#### WORK TASK
Excluding images, repeat the data exactly as given.

#### COLLECTED MATERIAL
----------------

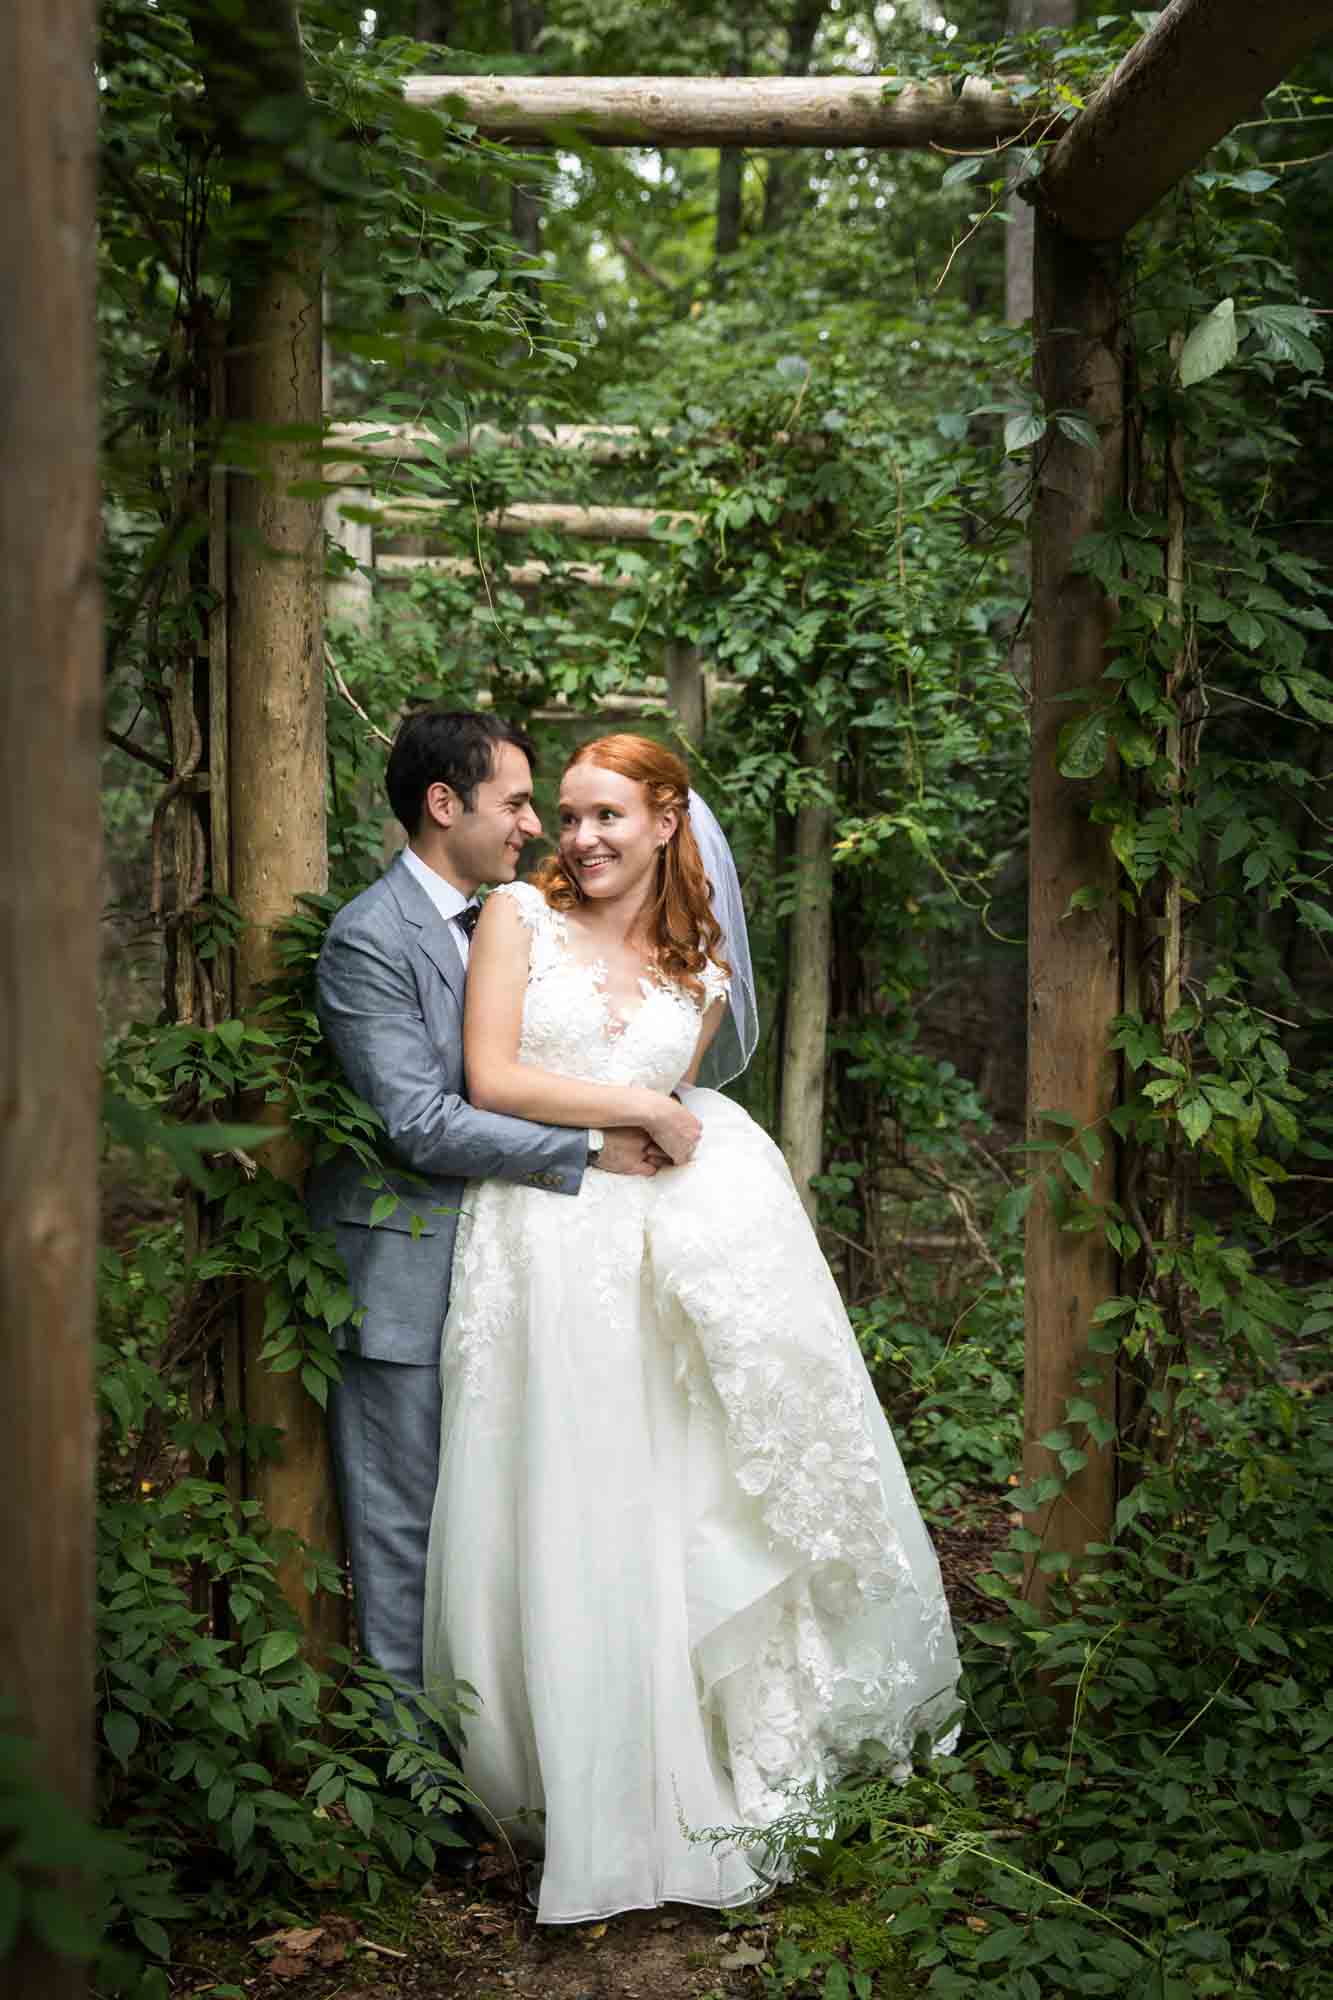 Bride and groom hugging under vine-covered fence
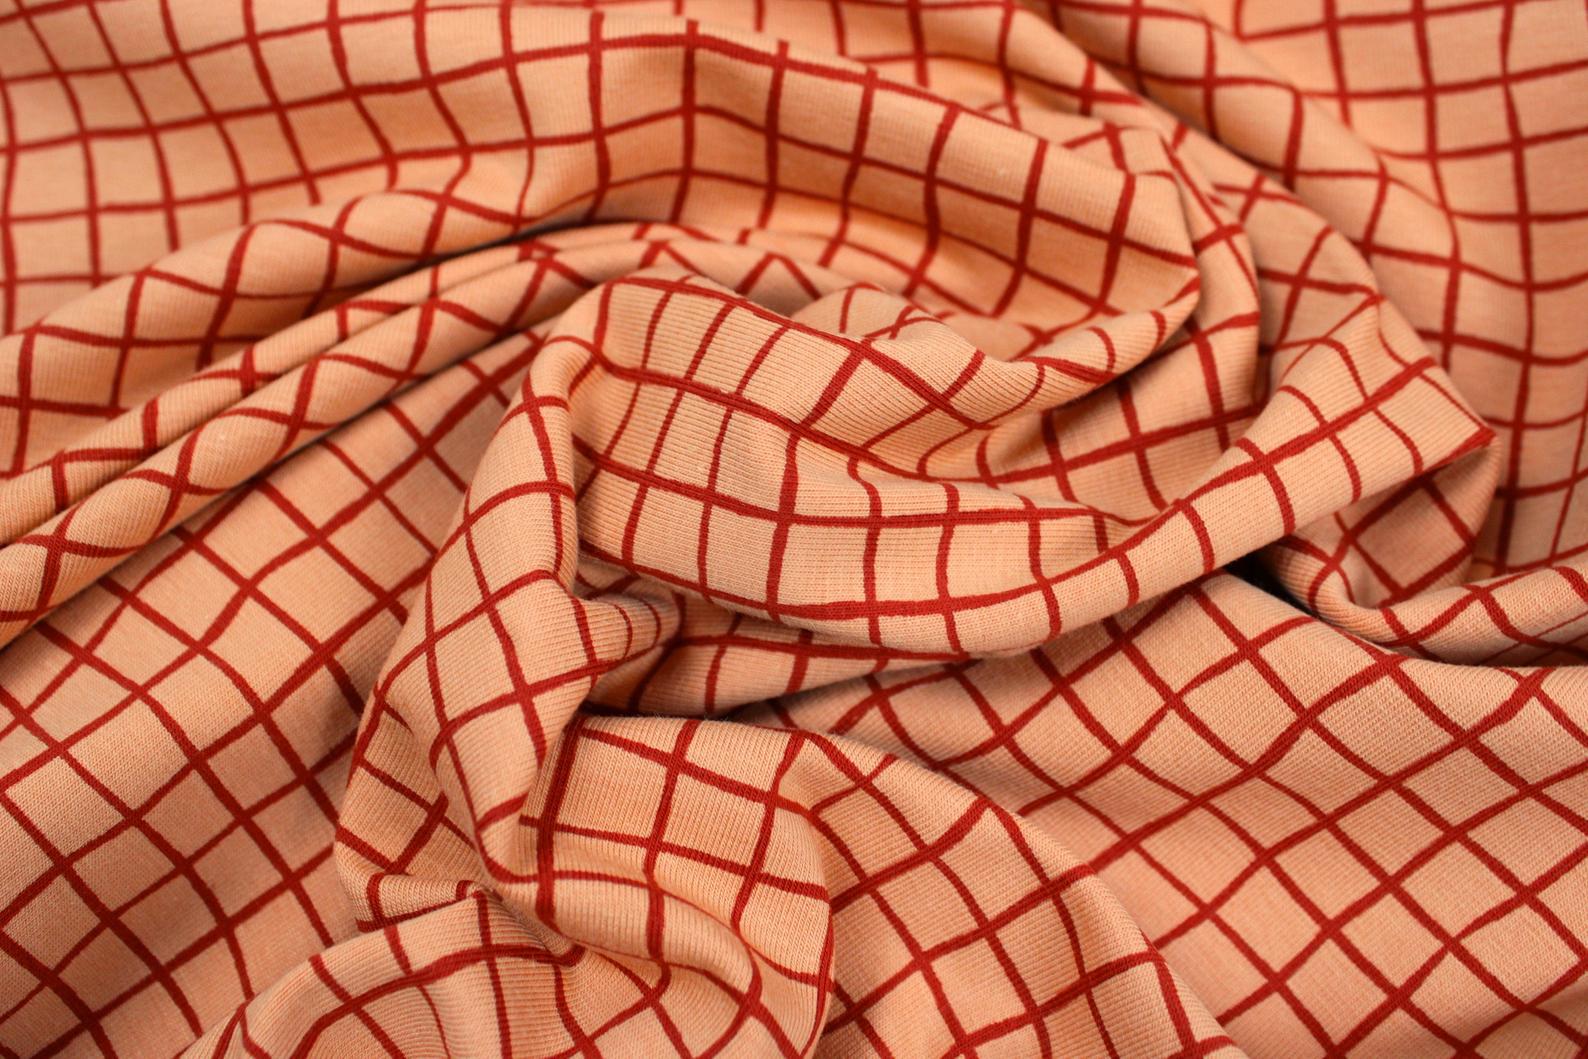  Veronika, Jersey-Baumwolle,  150 cm breit     
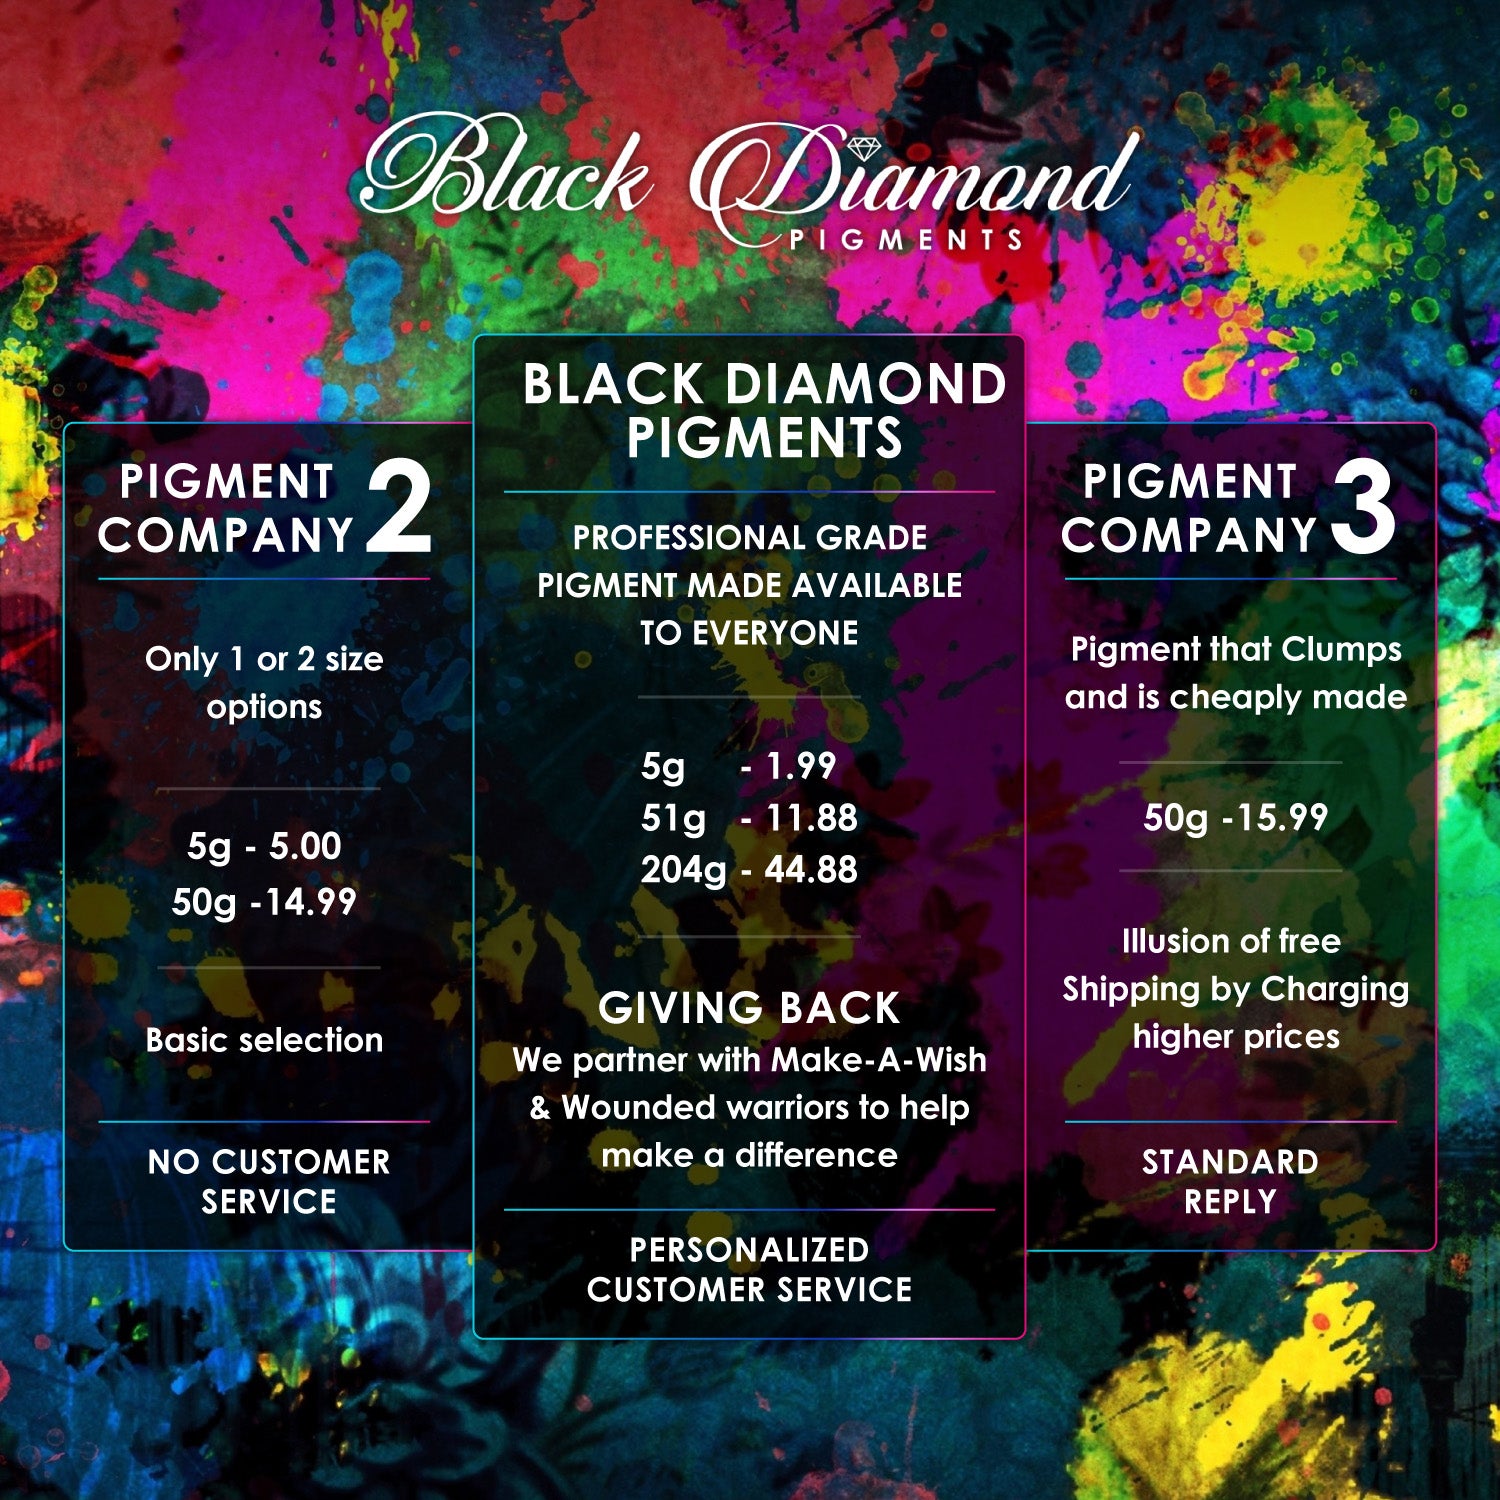 "PHOENIX" Black Diamond Pigments

----------------

#### WRITTEN ANSWER
 Bride and groom hugging under vine-covered fence
  Veronika, Jersey-Baumwolle,  150 cm breit     
 "PHOENIX" Black Diamond Pigments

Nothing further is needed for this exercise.